Thursday, November 17, 2005

mustUnderstand/mustIgnore and Processing Models

David Megginson touches on a really, really important point about the mustUnderstand/mustIgnore model which, in my opinion, is equally applicable to *all* markup and indeed all "signs" created by humans for humans. It cuts to the heart of the extent to which we necessarily embue the signs we create with a point of view...

Kirk: Scottie, I need an unambiguous, context free representation of objective reality and I need it now!

Scottie: The markup cannot take it sir. Every tag I create generates its own point of view of the universe. Cannot de-contextualise...argh!

Its like this. I look at some aspects of the world and I carve it up into pieces. I give those pieces names. Those names become tags/attributes in my XML documents. Now, is my model "correct"? It depends. It depends on two vital things.

1 - how I viewed the world at the time.

2 - the processing model I had in mind for the data.

Both of these are deeply personal and only "true" from the POV of a particular person/instition/business-process.

As Walter Perry points out regularly on xml-dev, the real value of XML is that it reduces the extent to which I force any one processing
model onto others. This enables re-use and innovation in a way that, say, application sharing does not.

The price we pay for this freedom is that designers of XML languages need to find ways to communicate "processing expectations" or
"processing models" separately from the data.

It is still the case today that the true meaning of a chunk of markup is dependent on what some application actually *does* with it. It is not in the data itself. For example, I can create rtf, xml, csv files that are completely valid per the markup requirements but "invalid"
because they fail to meet particular processing models in rtf/xml/csv-aware applications.

This is one reason why HTML as a Web concept (forget about markup for the moment) and XML as a Web concept are so different. With HTML the processing model was a happy family of 1, namely, "lets get this here content rendered nicely onto the screen". With XML the processing
model is an extended family of size...infinity. Who knows what the next guy is going to do with the markup? Who knows what the next processing model will be? Who knows whether or not my segmentation of reality into tags/attributes/content will need the requirements of the next guy.

To date, we have been feeling our way pragmatically on the latter point (we call it "conversion") and largely ignoring the former. The former is becoming much more important. mustIgnore and mustUnderstand will, I suspect, be the topic that begins a long conversation about processing models on the Web.

I would put microformats into this category too. What does a microformat actually do? It takes an existing tag set and tunnels stuff into it. But what it is really doing is taking an existing procesing model (say, XHTML CRUD cycles) with its established toolset and parasiting[1] on top of it in a clever, very human, way. A way that side-steps a bunch of very hard questions about expressing processing models in all their complexity and multiplicity.

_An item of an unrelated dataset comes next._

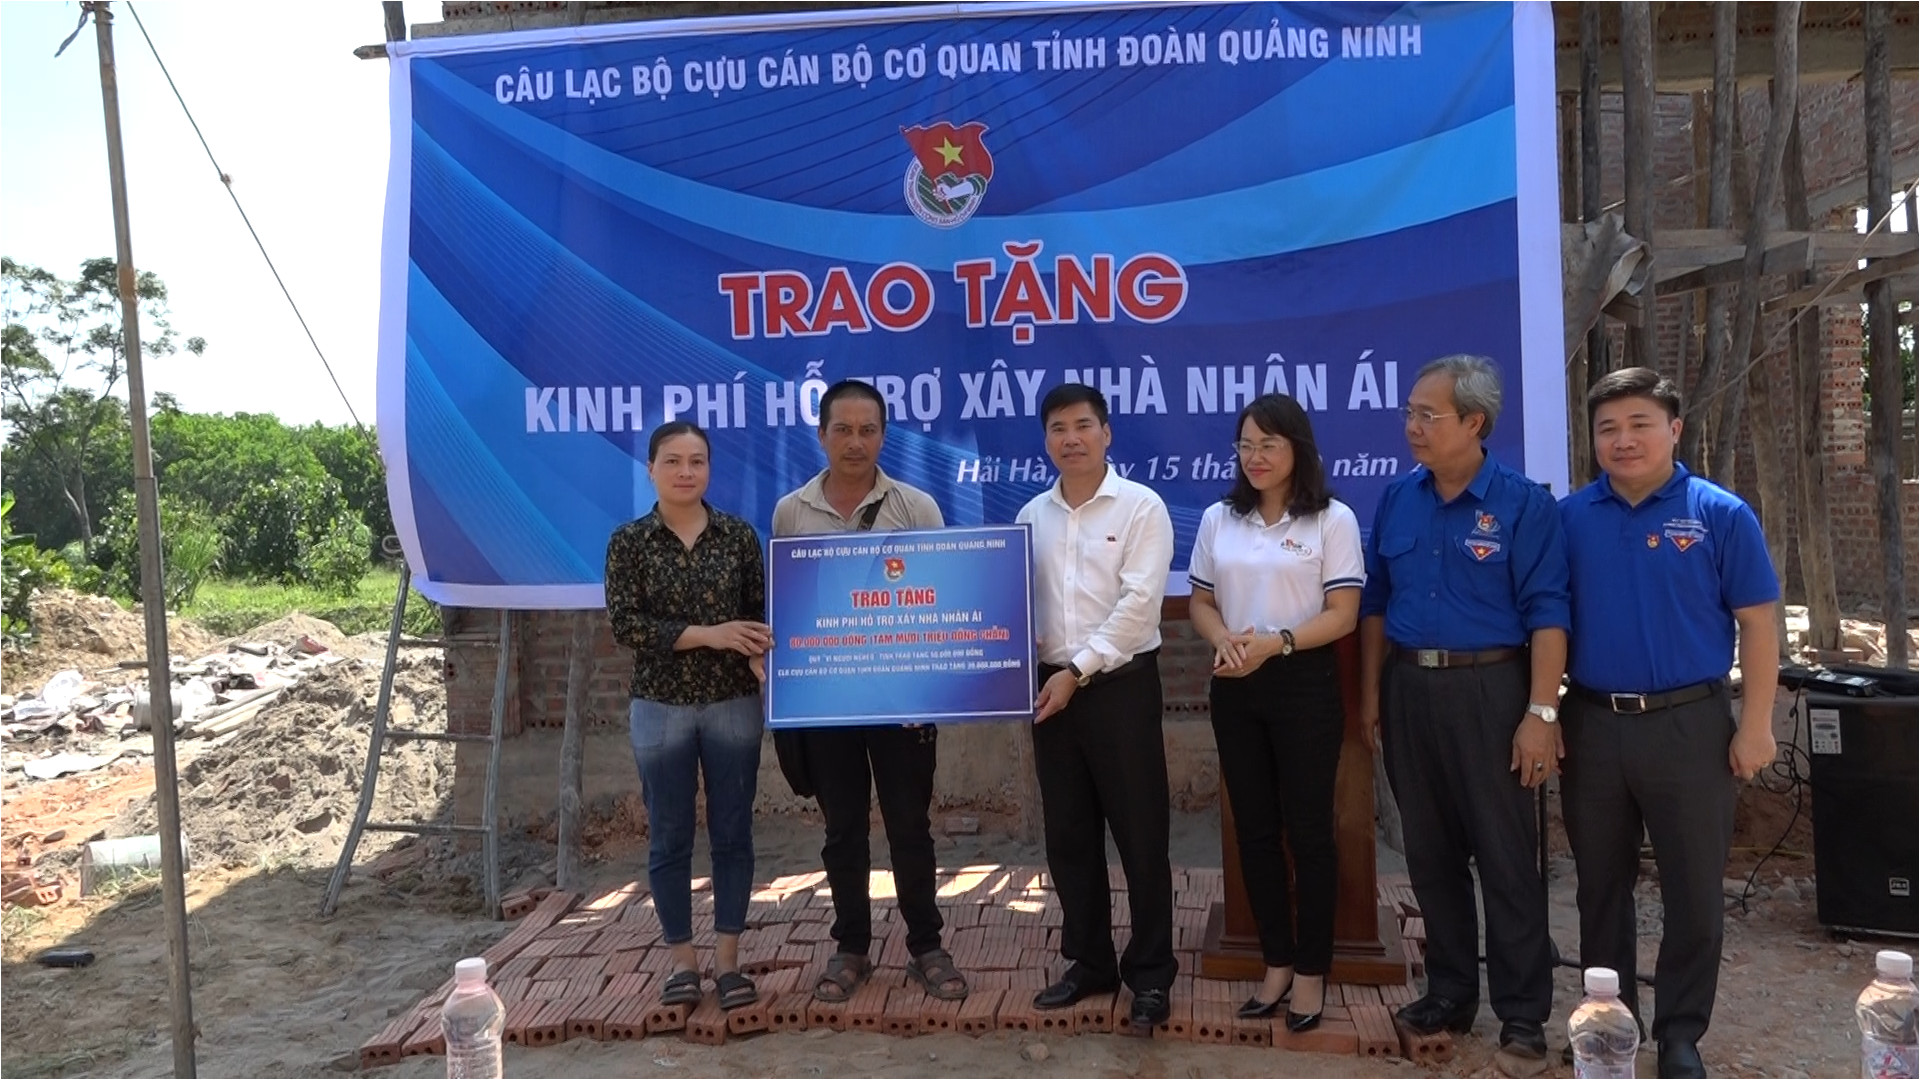 Câu lạc bộ Cựu cán bộ cơ quan Tỉnh đoàn Quảng Ninh trao kinh phí hỗ trợ xây nhà nhân ái cho hộ khó khăn ở xã Quảng Chính, huyện Hải Hà.

[1] parasiting - Is that a word?

Wednesday, November 16, 2005

Open Office - The Movie(s) + a Rainbow

Open Office Training Videos. Free. The book/DVD they are abstracted from looks interesting too.

I've said it before and I'll say it again, go take a look at OpenOffice if you are in any way interested in looking at cheaper/better/cross-platform/truly open vehicles for creating/publishing/managing documents.

The ODF format is growing wings which is just great. Peripherally to the main implications this has, it ushers in what us SGML geeks were looking for back in 1987 (yes, 1987). Namely, a "rainbow DTD" to target during both up and down-translations of structured content.

Sonny boy! Hand me that Zimmerframe.

Tuesday, November 15, 2005

Master Foo on Enterprise Data

    "Think of your centralized database applications as a set of large rocks. Their great strength is their solidity. Their great weakness is their lack of flexibility. Think of spreadsheets as the water that flows over and around the rocks. Their great strength is their flexibility. Their great weakness is their lack of solidity. The easiest route to the far side of a rock is to be like water and flow over or around it, rather than to change the nature of the rock." --
    Master Foo defines 'Enterprise Data'.